Today is the 5th day of January in 2023. 3 years ago on January 5 2020 I was exhausted. Sam was out of town with our son in Florida to honor the one month marking from his dad dieing. I was parenting the other 4 essentially alone except for the amazing nurse Paige. Our oldest was graduating from the little howlers hockey program and she had her final games at the same rink the Coyotes played. Sonzee's nurse was there during the daytime hours, but at night (as usual) I was on "Sonzee duty".
On the 5th of January in 2020, it had been 4 years 9 months and a few weeks that I had been on "Sonzee duty". Watching your child seize multiple times a day is emotionally exhausting. Taking care of medical needs of a medically fragile 4 year old that was being fed through her intestines and a central line is exhausting. Parenting children (and 5 of them) is exhausting. Cooking and taking care of the house; it is all exhausting.
On January 24, 2020 hospice formally admitted Sonzee into their care. It was more of a moral support, access to periodic nursing visits and medication sort of deal. The actual care of her I maintained, like I had for her entire life so far. Watching your child die is exhausting on the emotional, mental, and physical levels. Trying to make arrangements on top of that is even more exhausting. Managing round the clock care and not wanting to spend too much time asleep is exhausting.
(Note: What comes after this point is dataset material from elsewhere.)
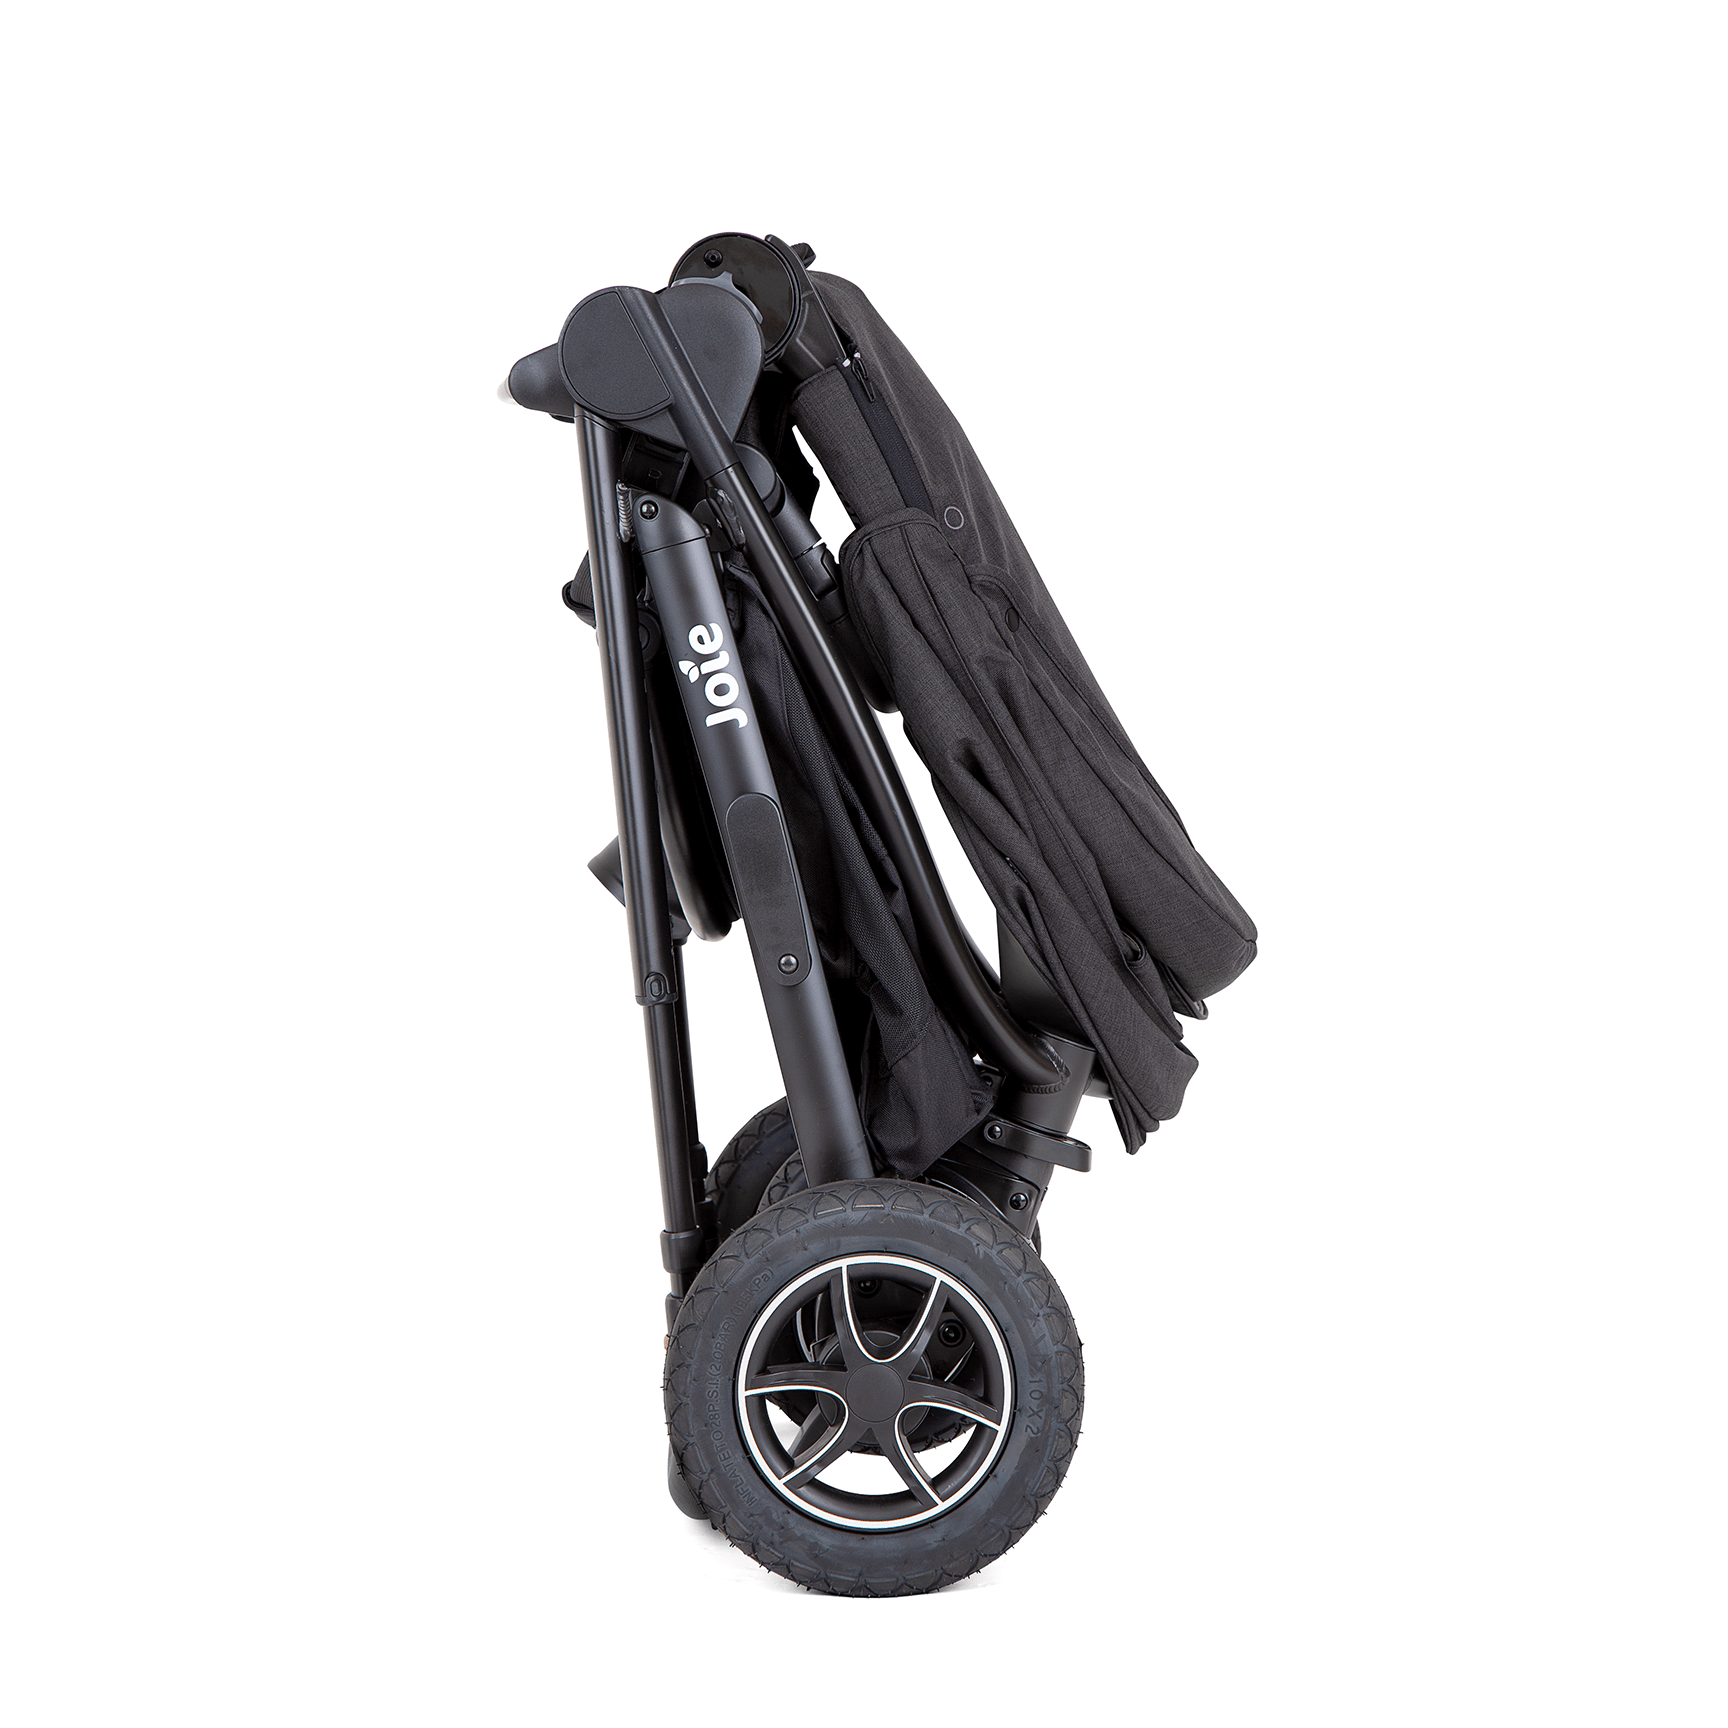 Joie Pushchairs & Buggies Joie Versatrax Stroller - Shale S1803EASHA000

Despite all of the exhaustion I faced in my life, on February 3, 2020 a new form of exhaustion took over. One that I hope the majority of you reading this never have to try to understand. It isn't one that is fixable with caffeine or sleep. It isn't one that is fixable by sitting down, taking a rest, or any other assistive measure. Grief exhuaustion is a type of exhaustion that is difficult to even explain. It is soul sucking. It is physically and emotionally draining. It is a lingering cloud above you that is constantly raining around you and causes you to drown at the same time. It is a black hole that doesn't have the slightest light to even attempt to work your way out of. It is the worst possible combination of sadness and heaviness that there is, impossible to manage, and much like CDKL5 or any other rare disease, it is impossible to cure.